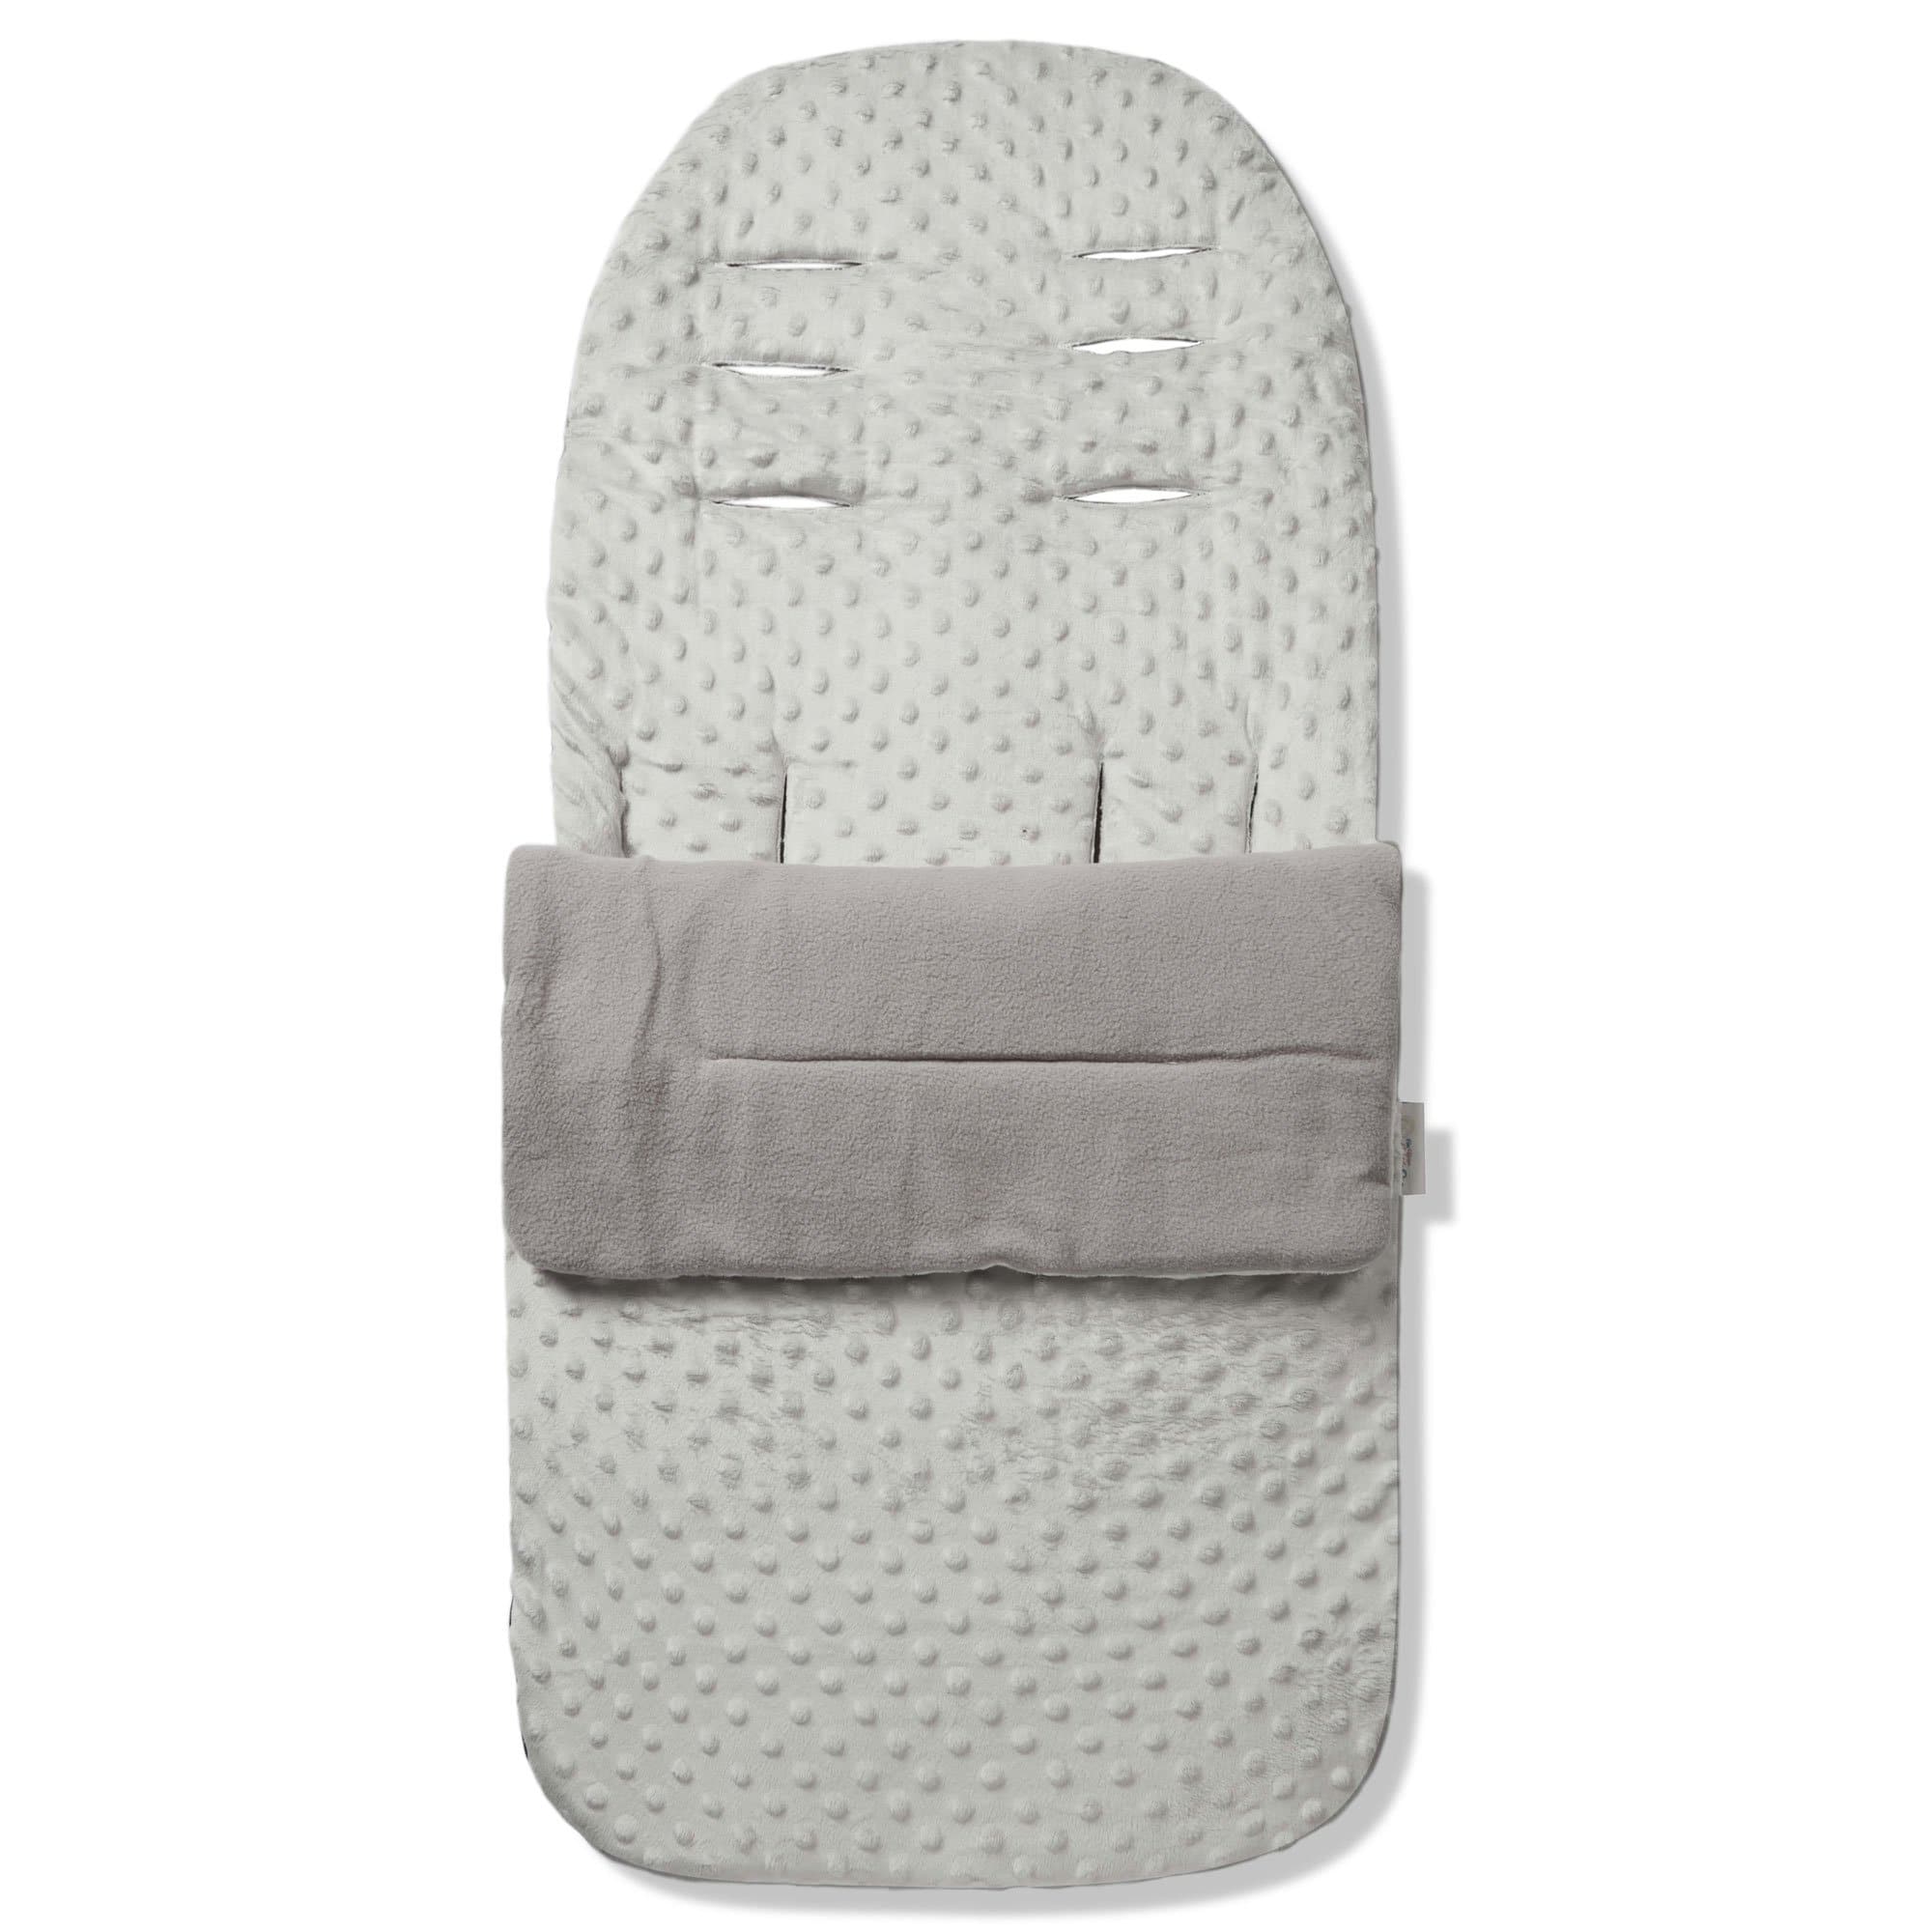 Dimple Footmuff / Cosy Toes Compatible with Baby Jogger - For Your Little One
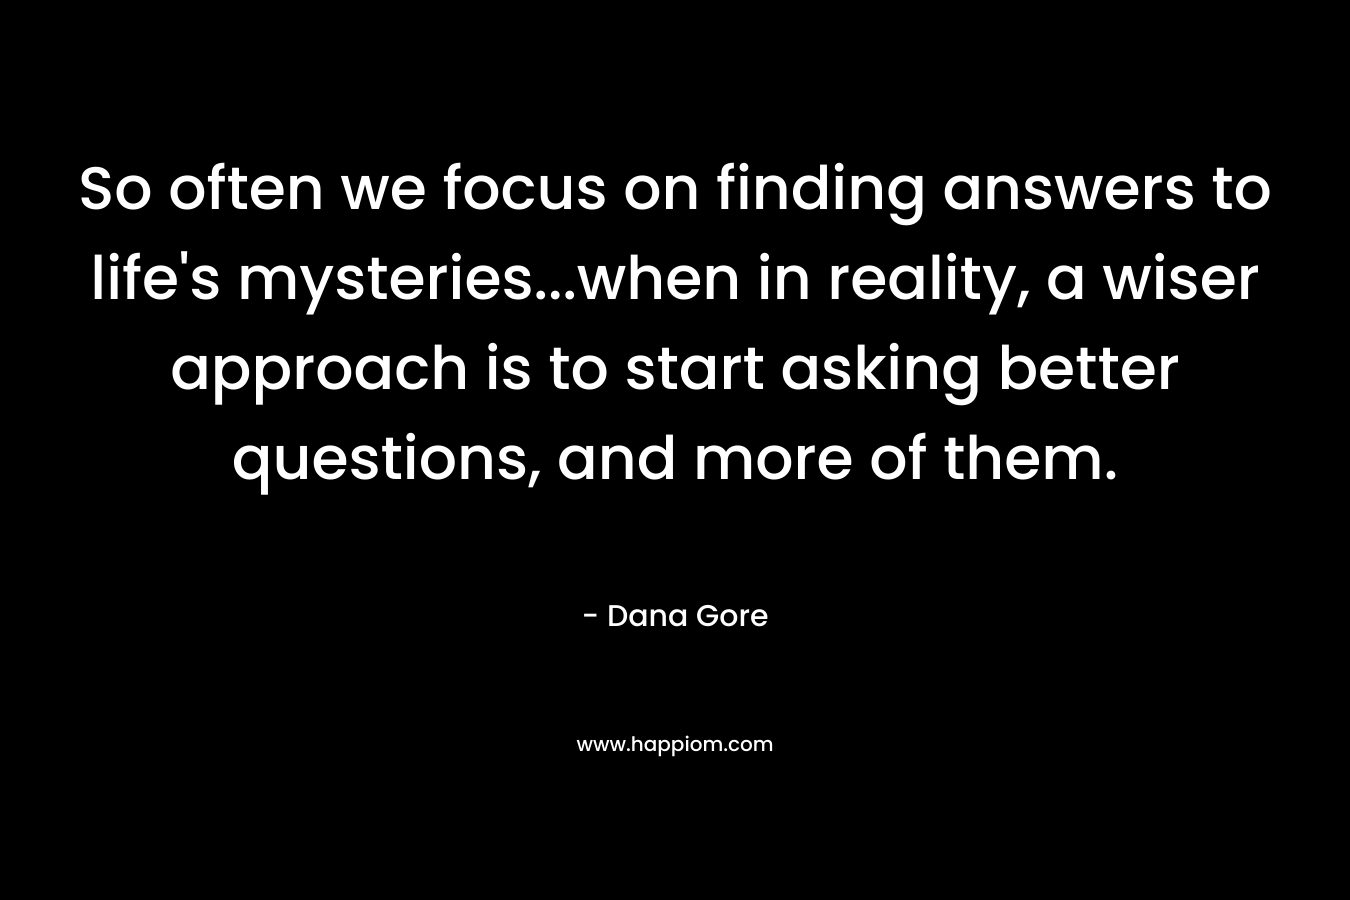 So often we focus on finding answers to life’s mysteries…when in reality, a wiser approach is to start asking better questions, and more of them. – Dana Gore
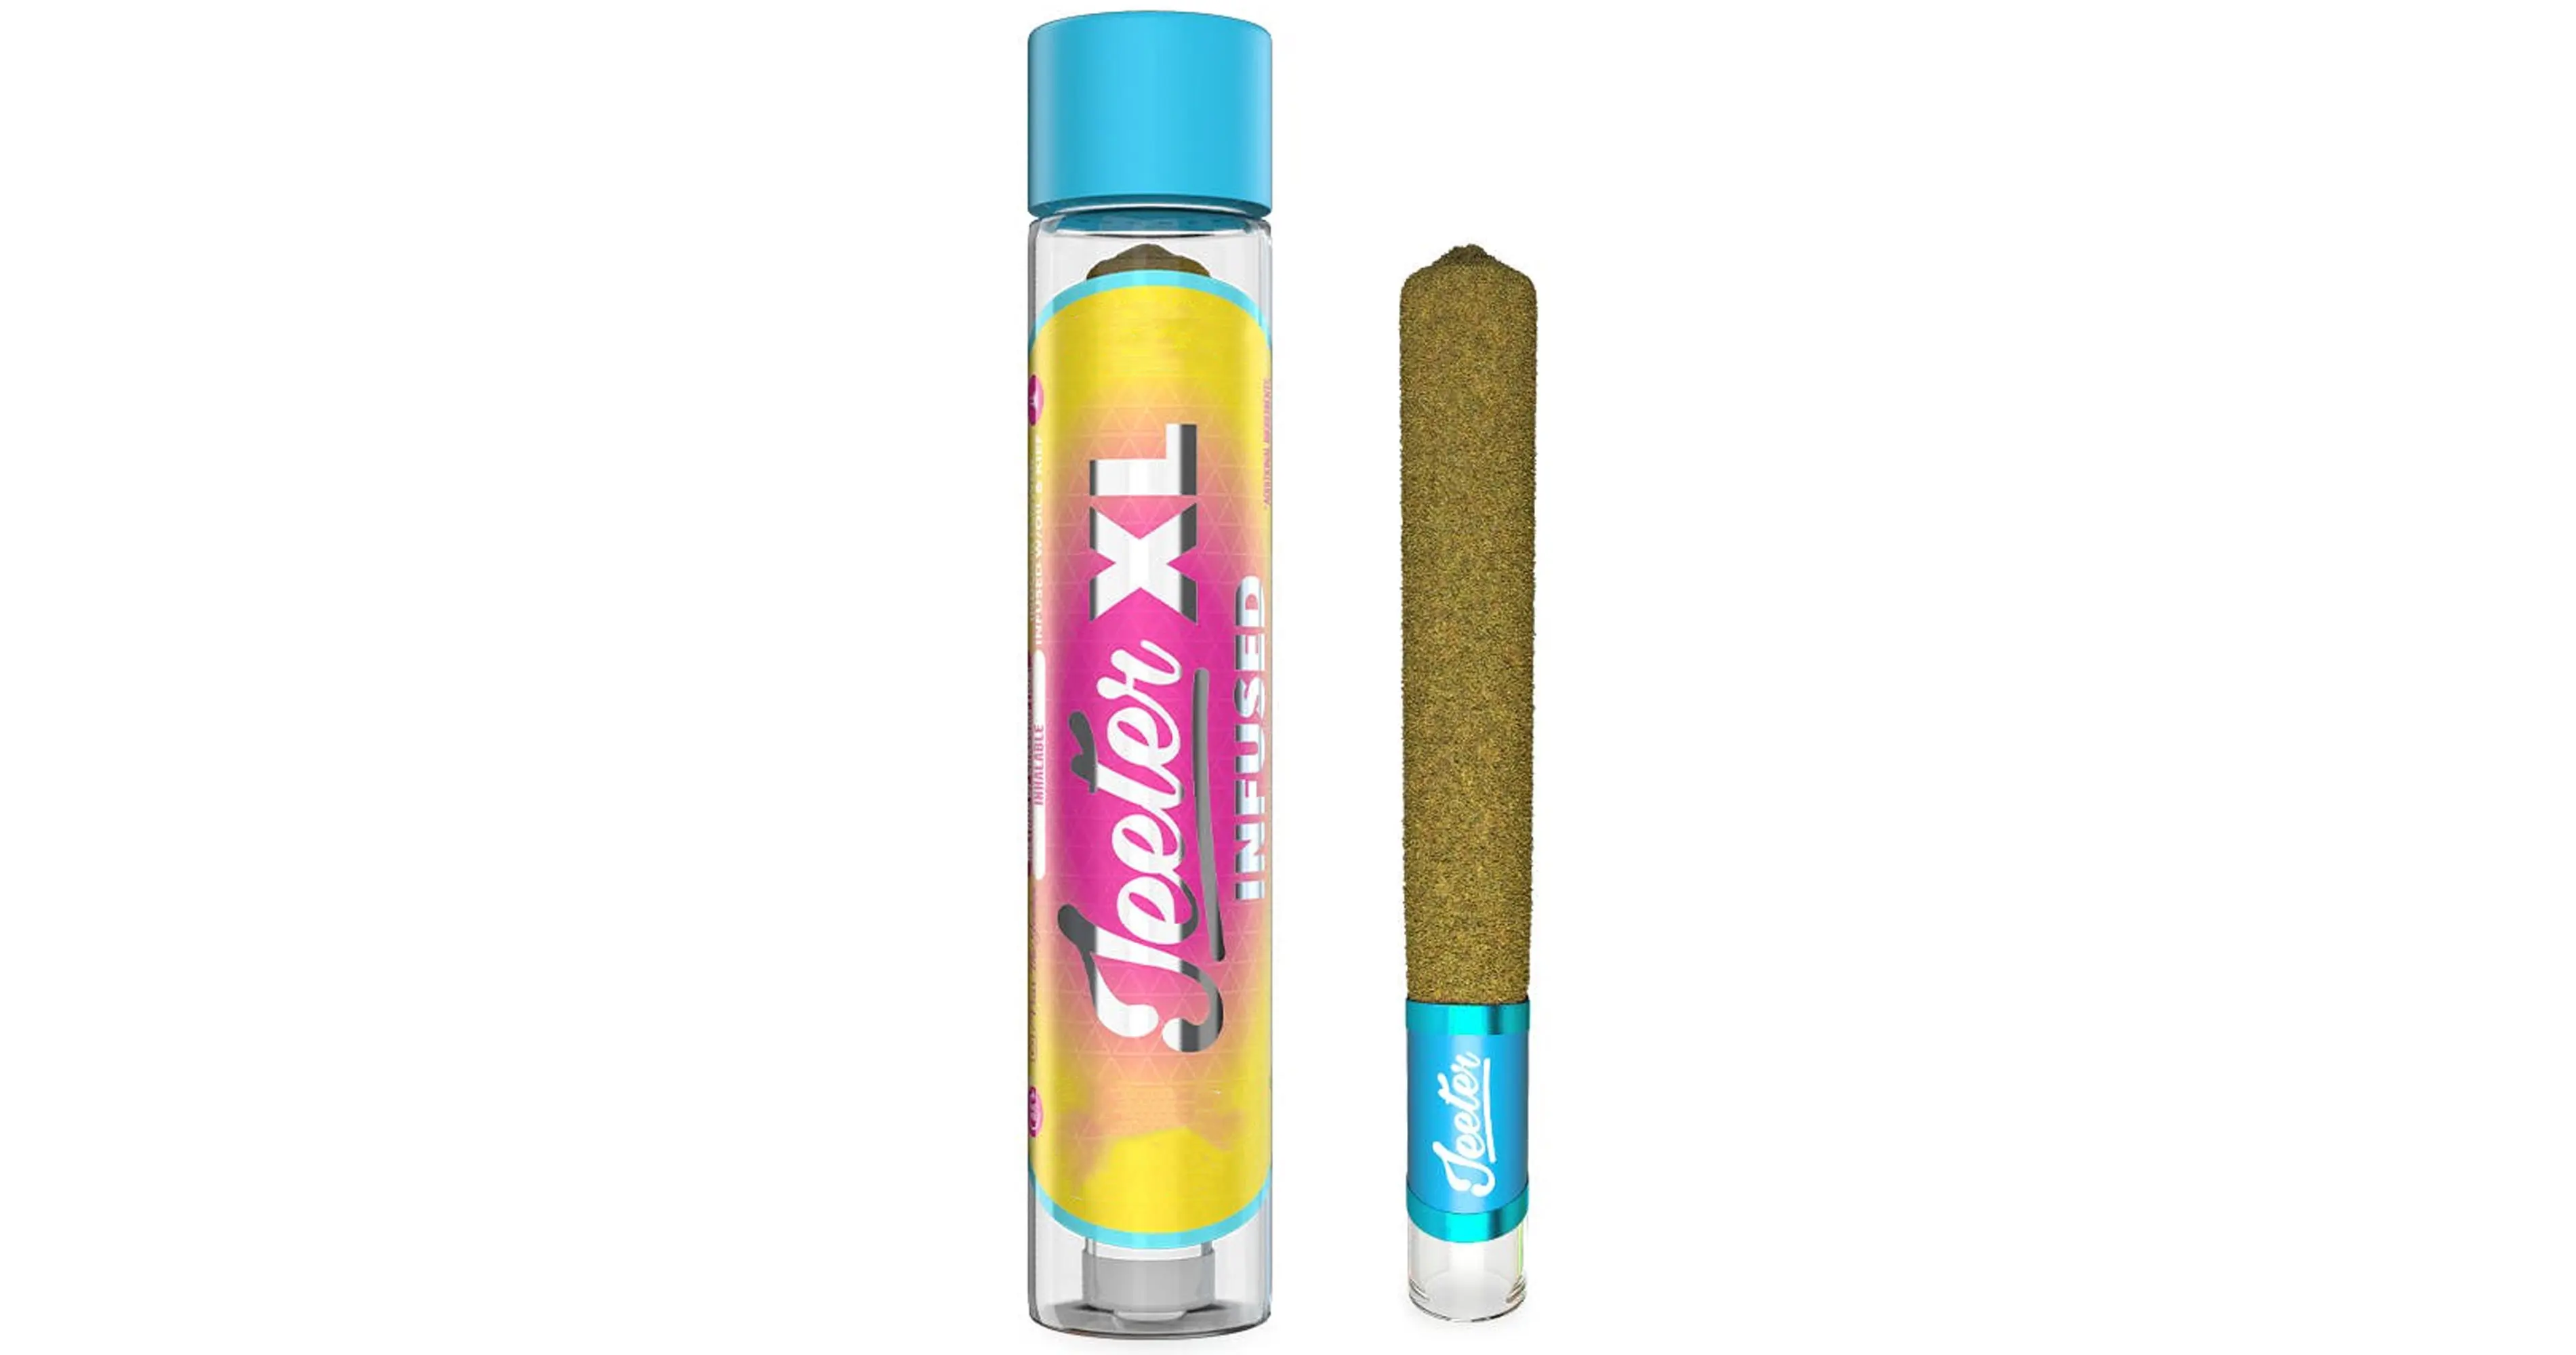 High Tide XL Infused Pre-Roll

**ACTIVITY:** This task calls for the listing to be restated exactly, with images omitted.

**RESULT OF THIS TASK:**
 Dimple Footmuff / Cosy Toes Compatible with Baby Jogger - For Your Little One
 So often we focus on finding answers to life’s mysteries…when in reality, a wiser approach is to start asking better questions, and more of them. – Dana Gore
 High Tide XL Infused Pre-Roll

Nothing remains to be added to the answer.